Compartmentalise the entire planet

(Photo: Antonia Reeve/SPL)

In Japan, whether someone is A, B, O or AB blood is a topic of everyday conversation. There is a widespread belief that blood type determines personality and temperament, with implications for life, work and love.

Blood-type personality theory (or blood-type humanics, as the Japanese sometimes like to call it) does much like what horoscopes do in Western culture.

In Japan (a.k.a. The Land That Gave Us Weird Since 1957), there is a frenzied obsession to know a person’s blood type. Celebrity profiles always have a blood-type label. Even anime character profiles are given their blood type. Buy an addressbook in Japan, and you’ll see spaces for blood-type entries. Job application forms ask for your blood type.

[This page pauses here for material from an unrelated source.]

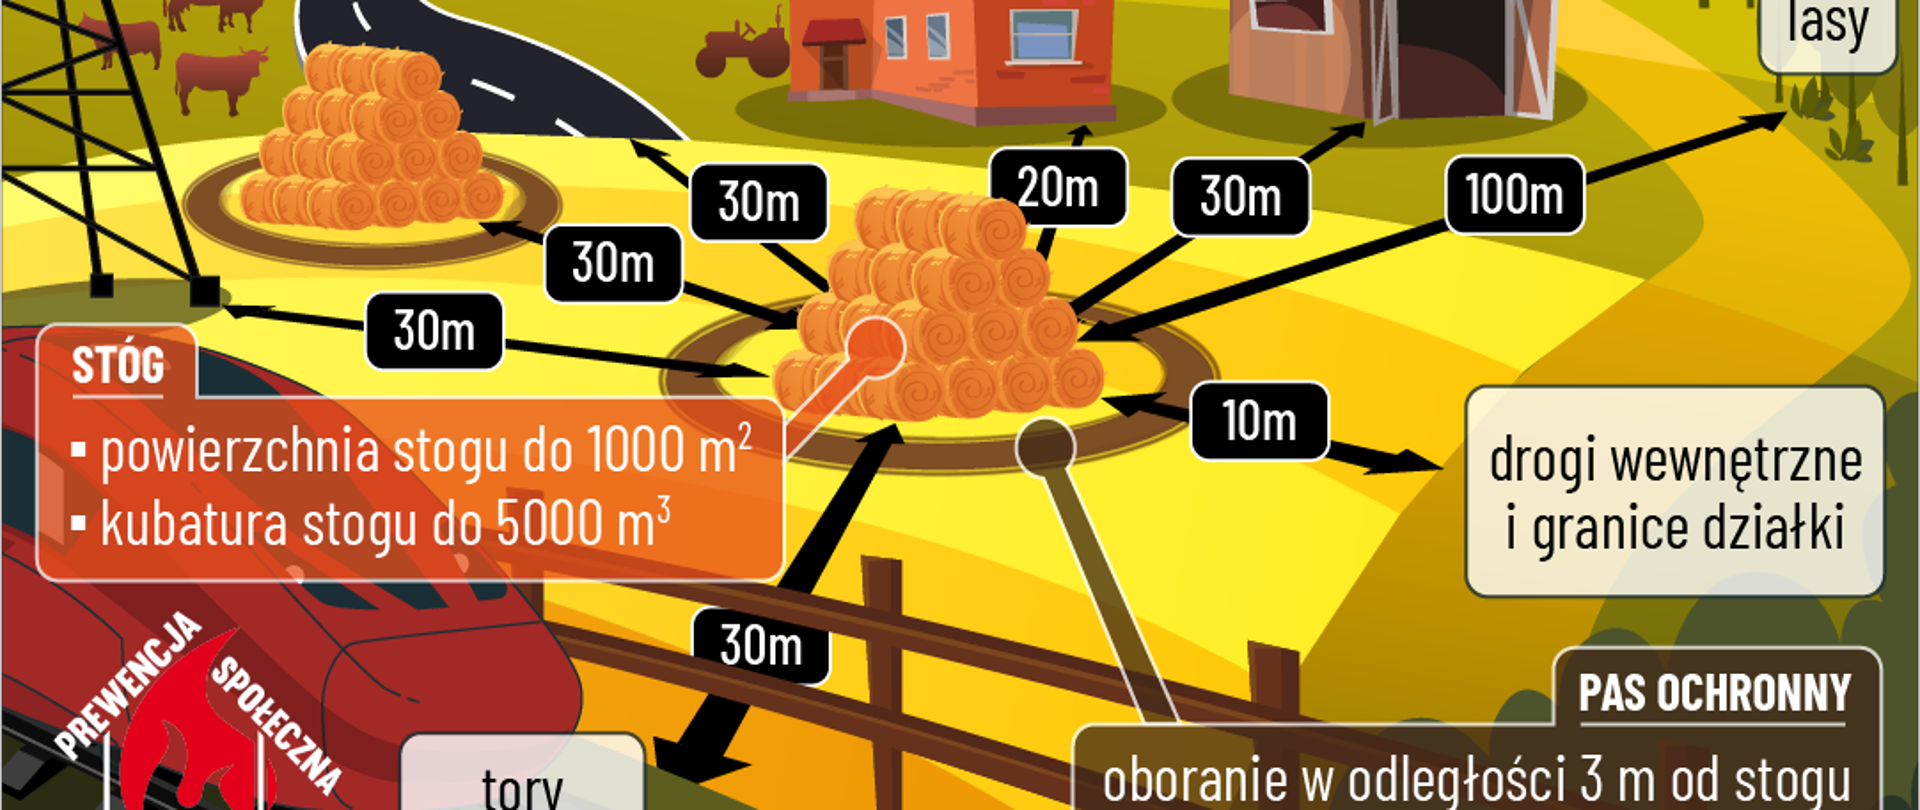 Na zdjęciu widać grafikę przedstawiającą odległości jakie powinno zachować się podczas usytuowania sterty i stogów.
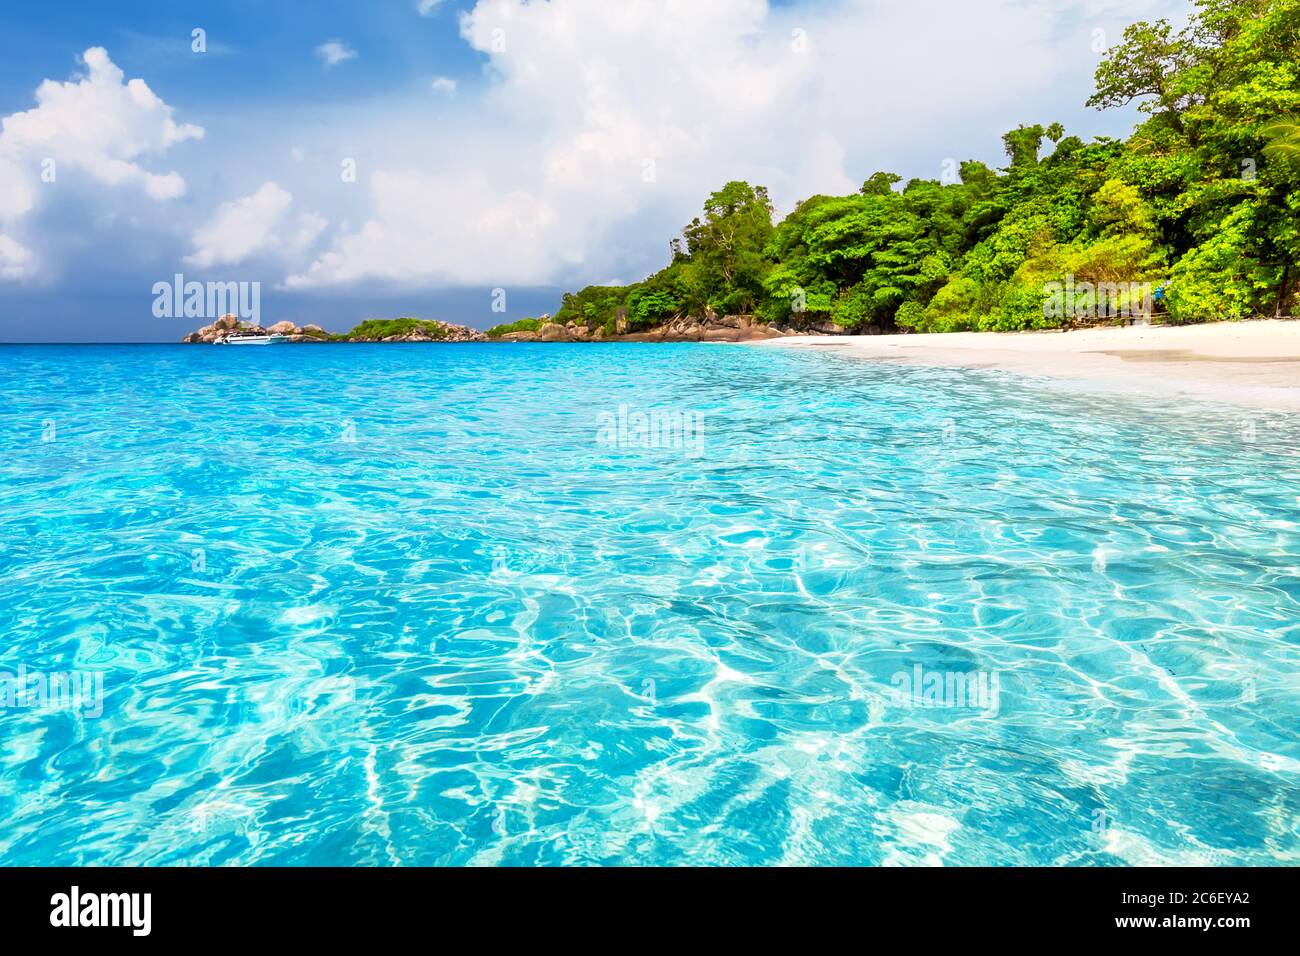 Schöner Strand und blauer Himmel auf Similan Inseln, Thailand. Urlaub Urlaub Urlaub Hintergrund Wallpaper. Blick auf schöne tropische Strand.Reisen Sommer Urlaub b Stockfoto

Even in everyday life in Japan and South Korea, you’ll notice the conversation somewhat revolves around blood type. People going on a date or meeting someone for the first time are liable to be asked, “What is your blood group?” You’ll notice the question cropping up quite a lot to kick-start smalltalk — as frequently as the question “What’s your nationality?” in Western culture.

“What’s your blood type?”
“The fluid type.”
(The author’s retort whilst living in Japan.)

Anyone from a schoolkid to a pensioner will never fail to ask about your blood type. Indeed, discussion of blood type is a key part of social interaction in Japan and South Korea.

The fact that three or four titles in the Top Ten list of bestselling books in Japan for any given year are about blood type will be enough for you to realise the level of this obsession.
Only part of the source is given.